Part 2 - Disorders Demystified

Page 128-131: Cerebral Palsy

Cerebral Palsy

Cerebral Palsy is the name for a group of lifelong conditions affecting movement and co-ordination, caused by a problem with the brain that occurs before, during or soon after birth. Cerebral means to do with the brain and palsy means weakness or problems using the muscles. The condition is normally diagnosed during the child’s first or second year, but if symptoms are mild, it is sometimes difficult to make a diagnosis until the child is a few years older. There are different types of Cerebral Palsy and different parts of the body may be affected. There is currently no cure, but treatments are available to help people with the condition to lead as active and independent a life as possible.

All children with Cerebral Palsy have difficulties with motor skills which can affect muscle control, coordination, reflexes, posture and balance. The severity of these difficulties varies greatly. A person with severe Cerebral Palsy may need to use special equipment to be able to walk or may not be able to walk and need lifelong care. In contrast, mild Cerebral Palsy may cause a person’s movements to appear awkward, but they may not need any specialist help.

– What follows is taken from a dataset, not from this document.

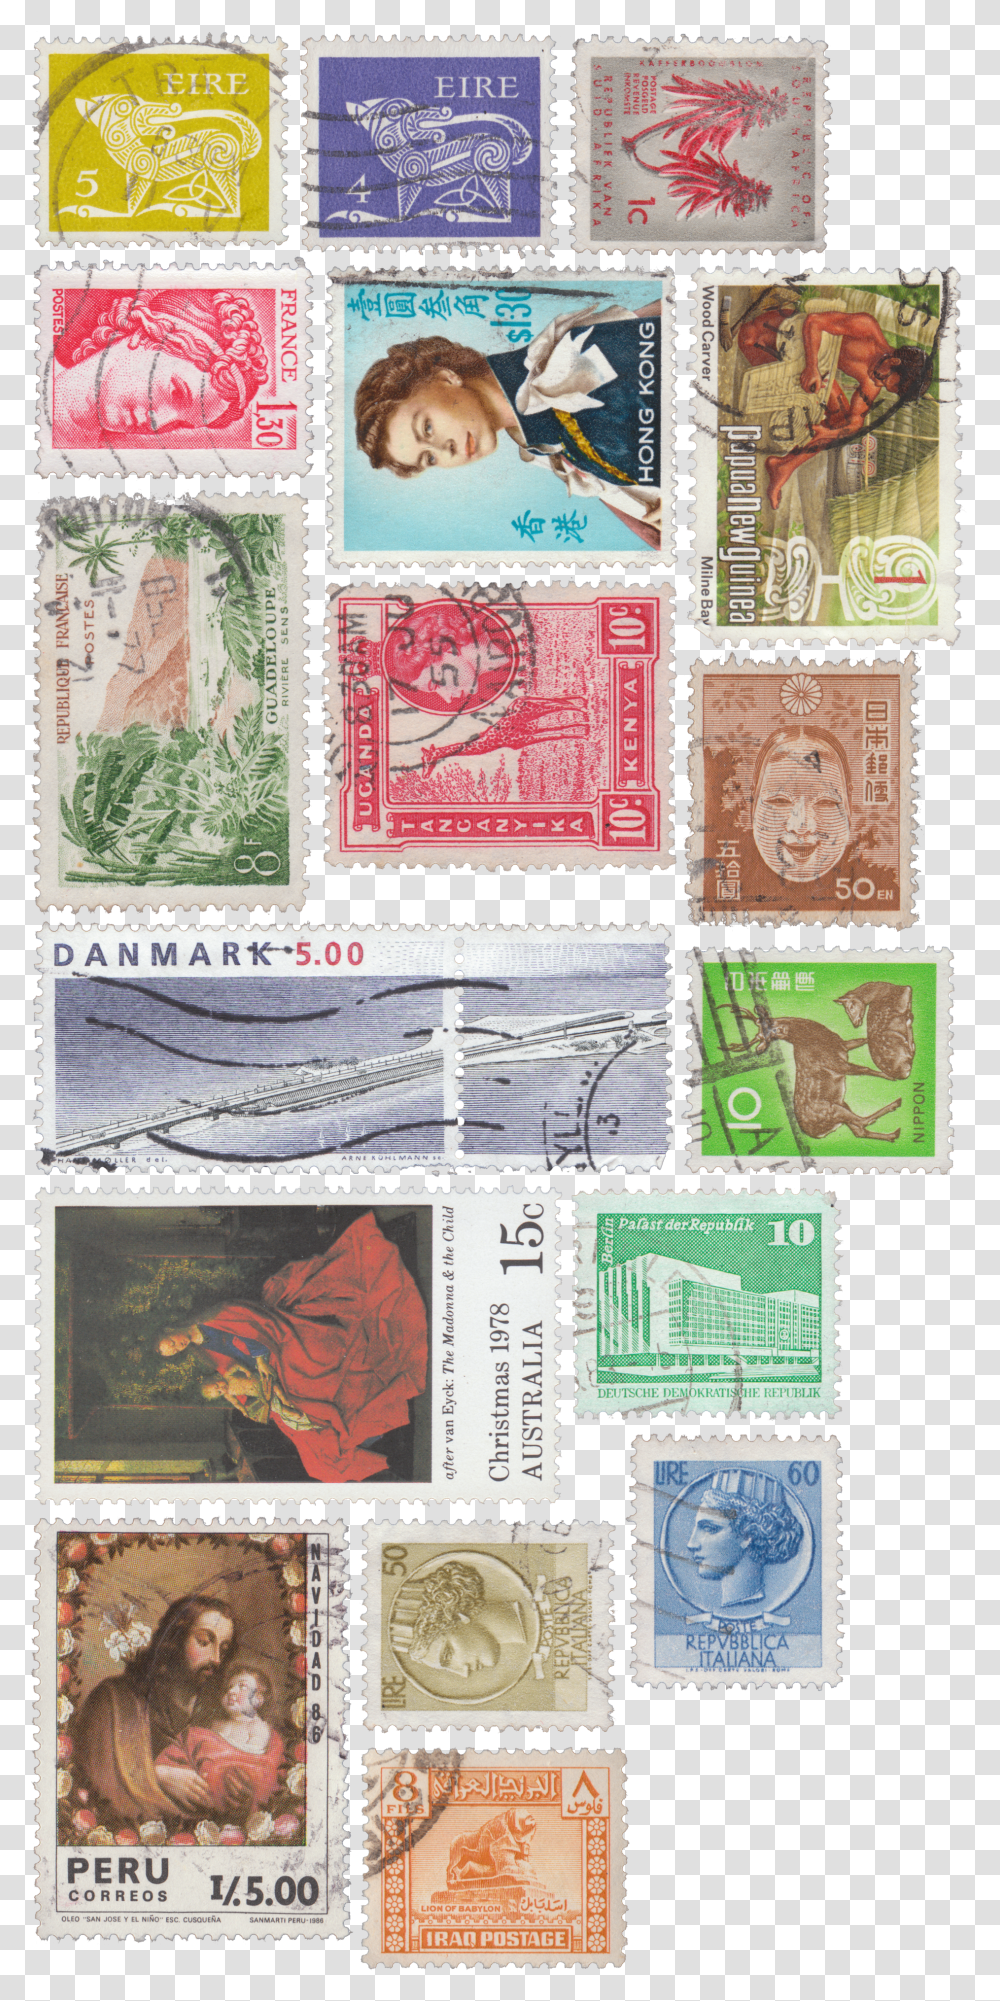 V 1 8 0 Kbyte Postage Stamps U Postage Stamps Transparent Png

In addition to difficulties with movement and co-ordination, other body functions that involve motor skills and muscles can be affected, such as breathing, eating and talking. Again, this varies greatly between individuals with Cerebral Palsy and depends on how much, and which parts of, the brain are affected. Common difficulties occurring in children with Cerebral Palsy are epilepsy (affecting 40%), SLCN (affecting 20%), ASD (affecting 10%) and Learning Disability (affecting 30-50% of children).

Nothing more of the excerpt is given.